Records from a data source
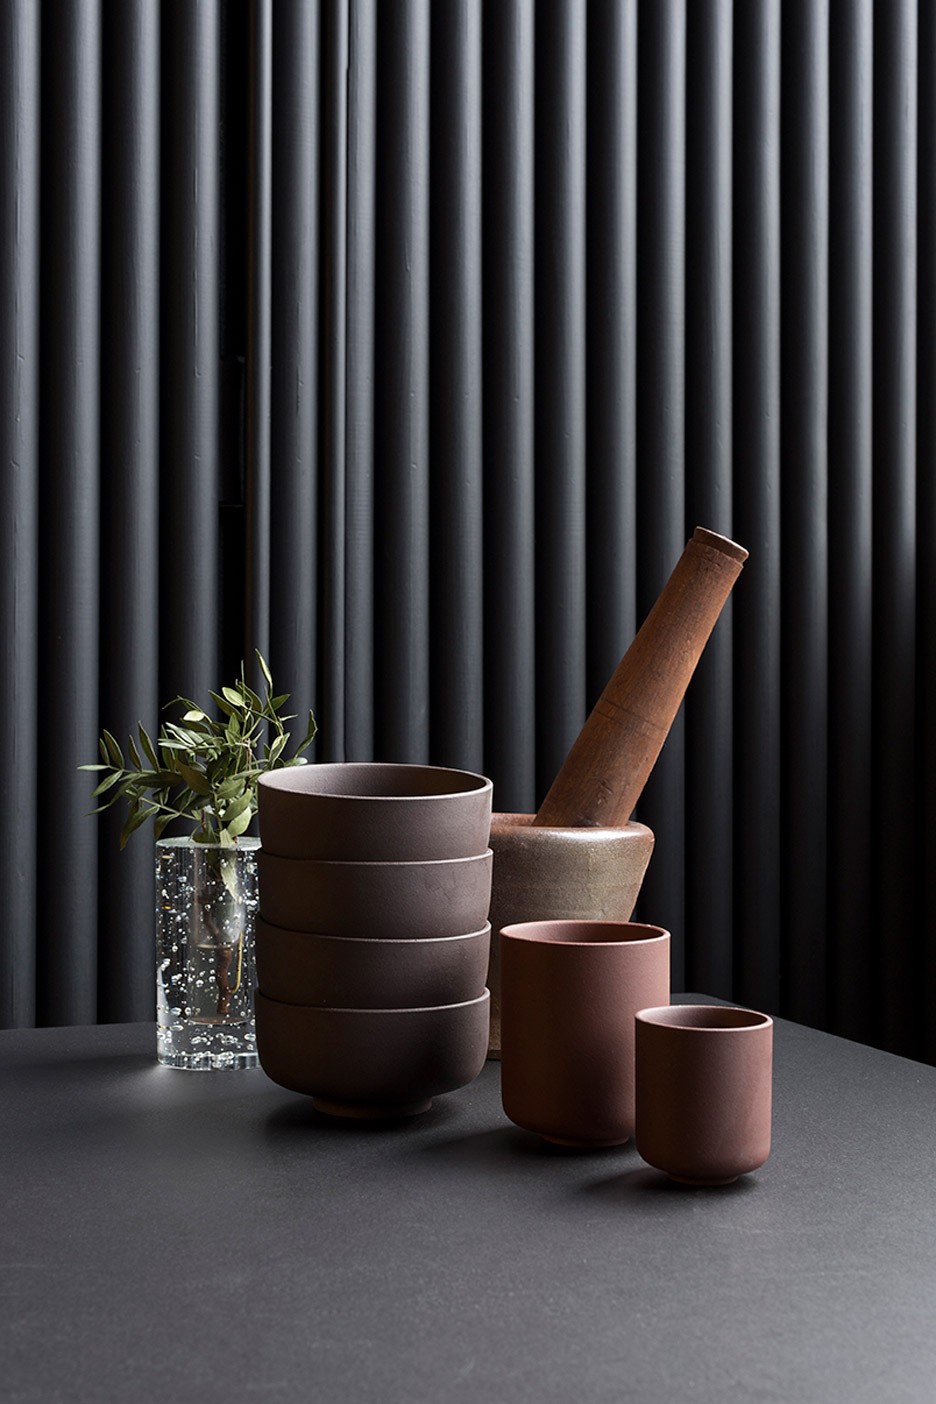 Meet This Mesmerizing Copenhagen Restaurant With Asian And Nordic Inspirations | The Danish homeware brand known as Ferm Living was the head thinker of this marvelous restaurant design. #interiordesign #restaurantdesign #restaurantdecor #interiordecor #designproject
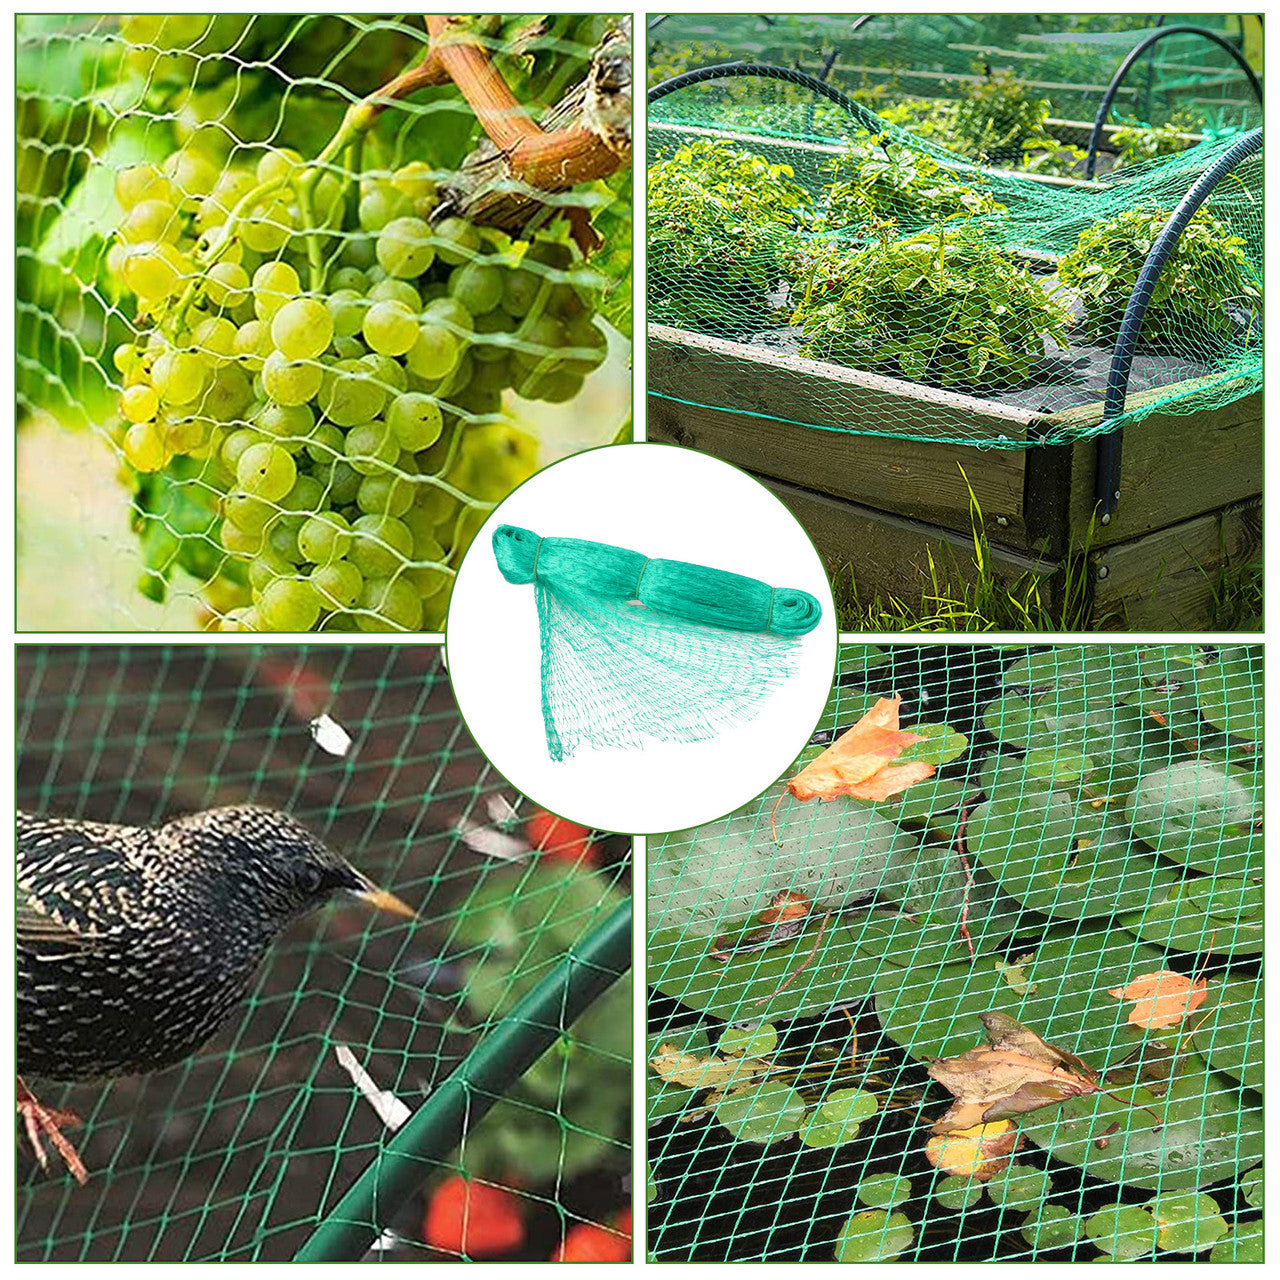 13*33ft Garden Bird Safety Prevention Net, Sturdy and Durable, Easy to Install
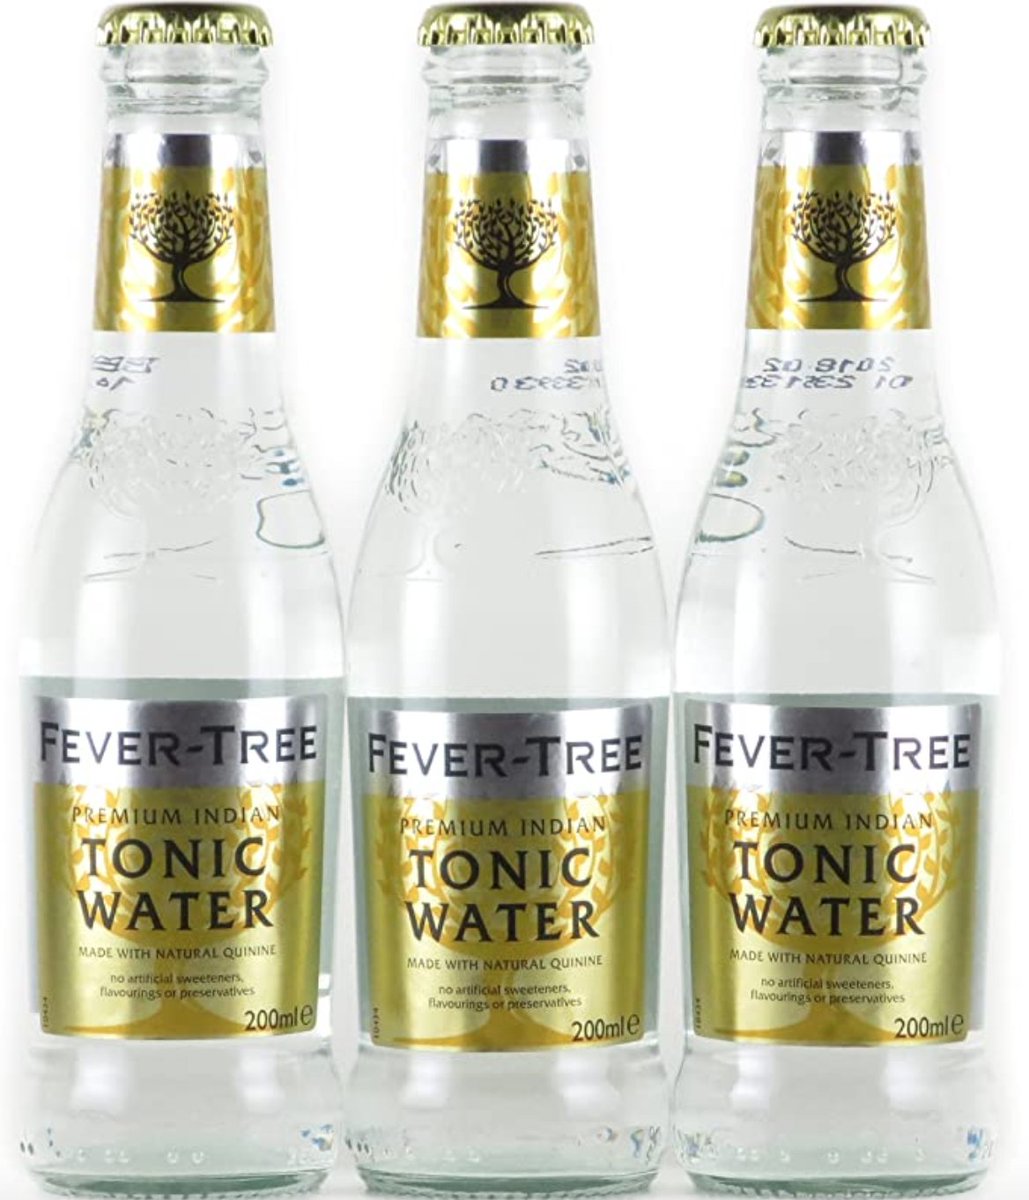 Anyway, if you want to try a homemade jinnantonikku with quinine in Japan you'll have to skip Asahi's Wilkinson's tonic water and try an import like Fever Tree. More on Japan G&Ts here from  @coldicott -- bottoms up!  https://www.japantimes.co.jp/life/2008/08/22/food/the-perfect-gin-and-tonic/
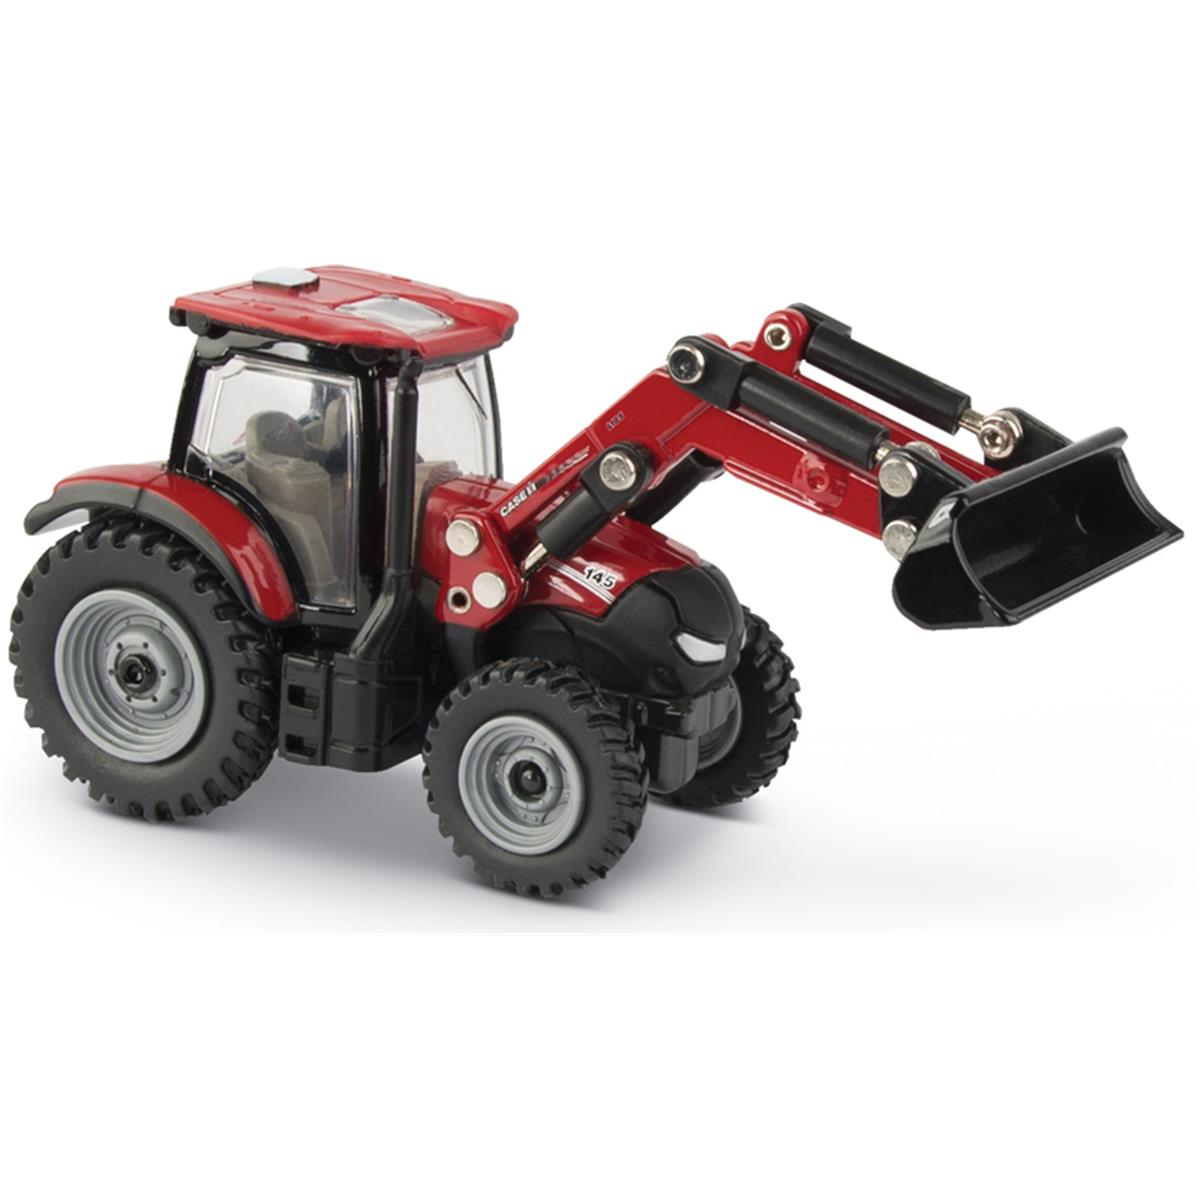 Ert44148 Case Maxxum Tractor With Front Loader
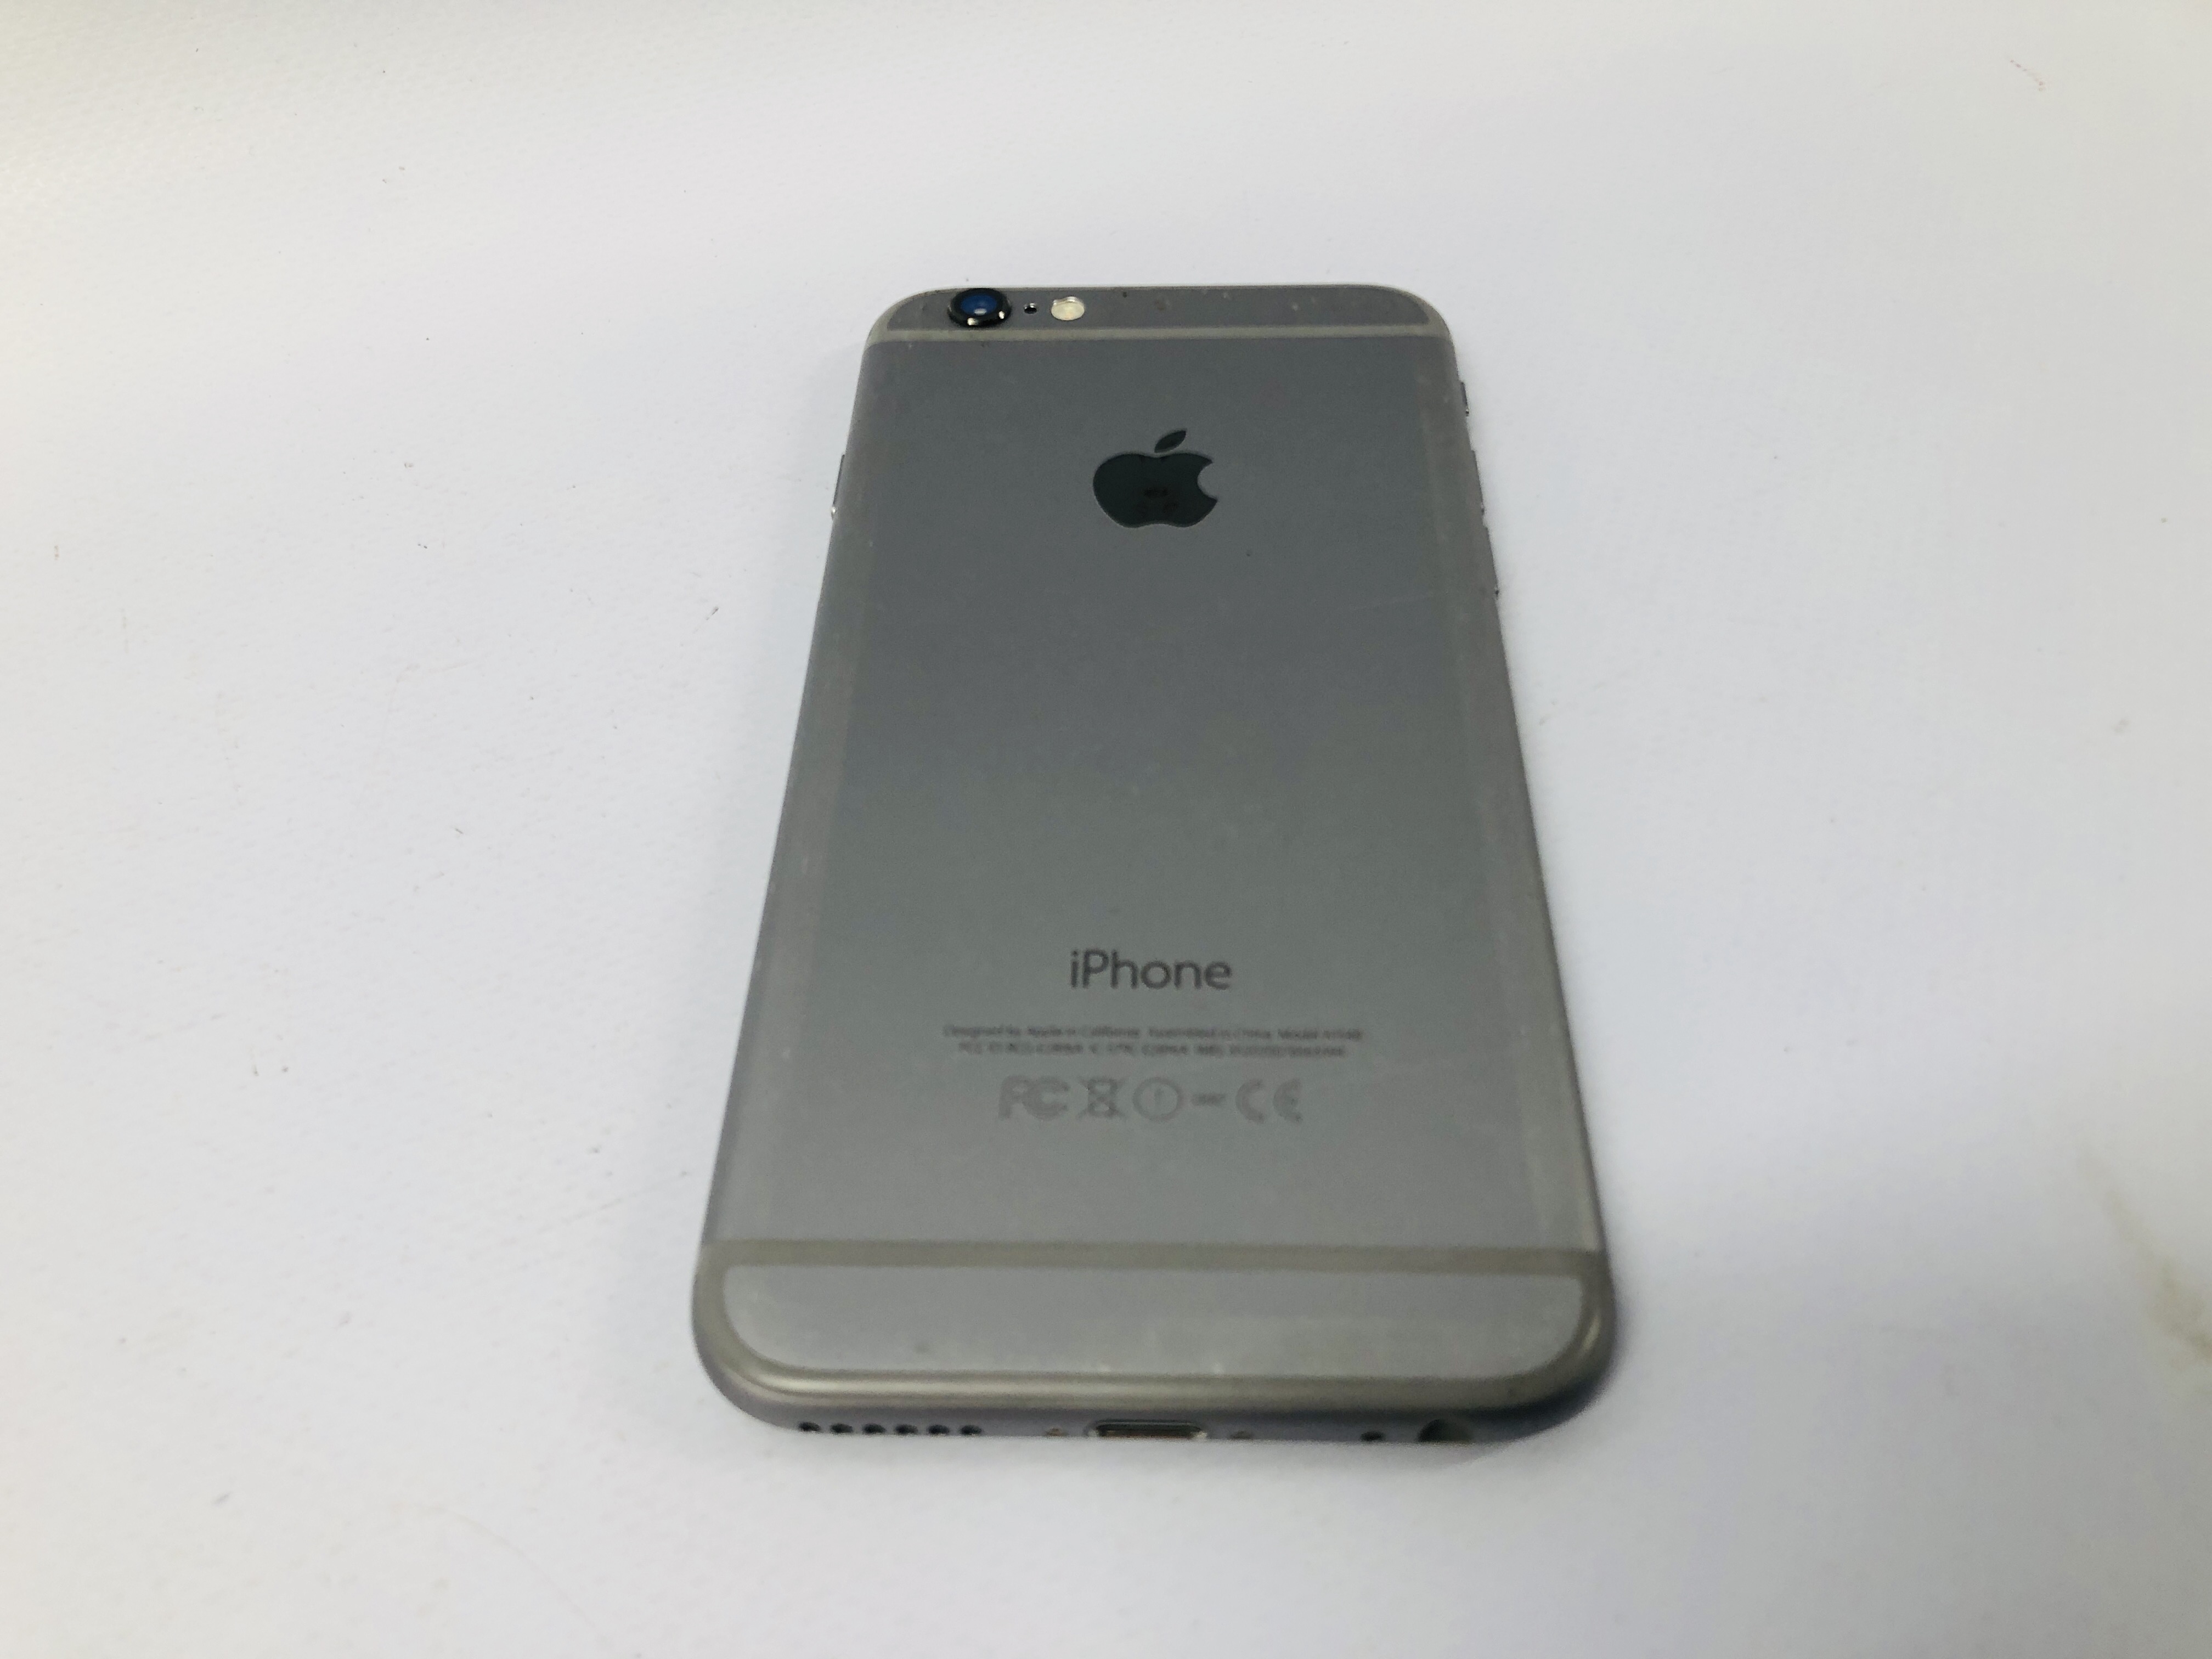 APPLE IPHONE 6 32GB - NO GUARANTEE OF CONNECTIVITY. SOLD AS SEEN. - Image 5 of 6

» **Brief**: Your answer must be an exact copy of the lines from the one with "Ert44148 Case Maxxum" through the final line of the data, both included, without any pictures.

» **Answer space**:
 Ert44148 Case Maxxum Tractor With Front Loader
 APPLE IPHONE 6 32GB - NO GUARANTEE OF CONNECTIVITY. SOLD AS SEEN. - Image 5 of 6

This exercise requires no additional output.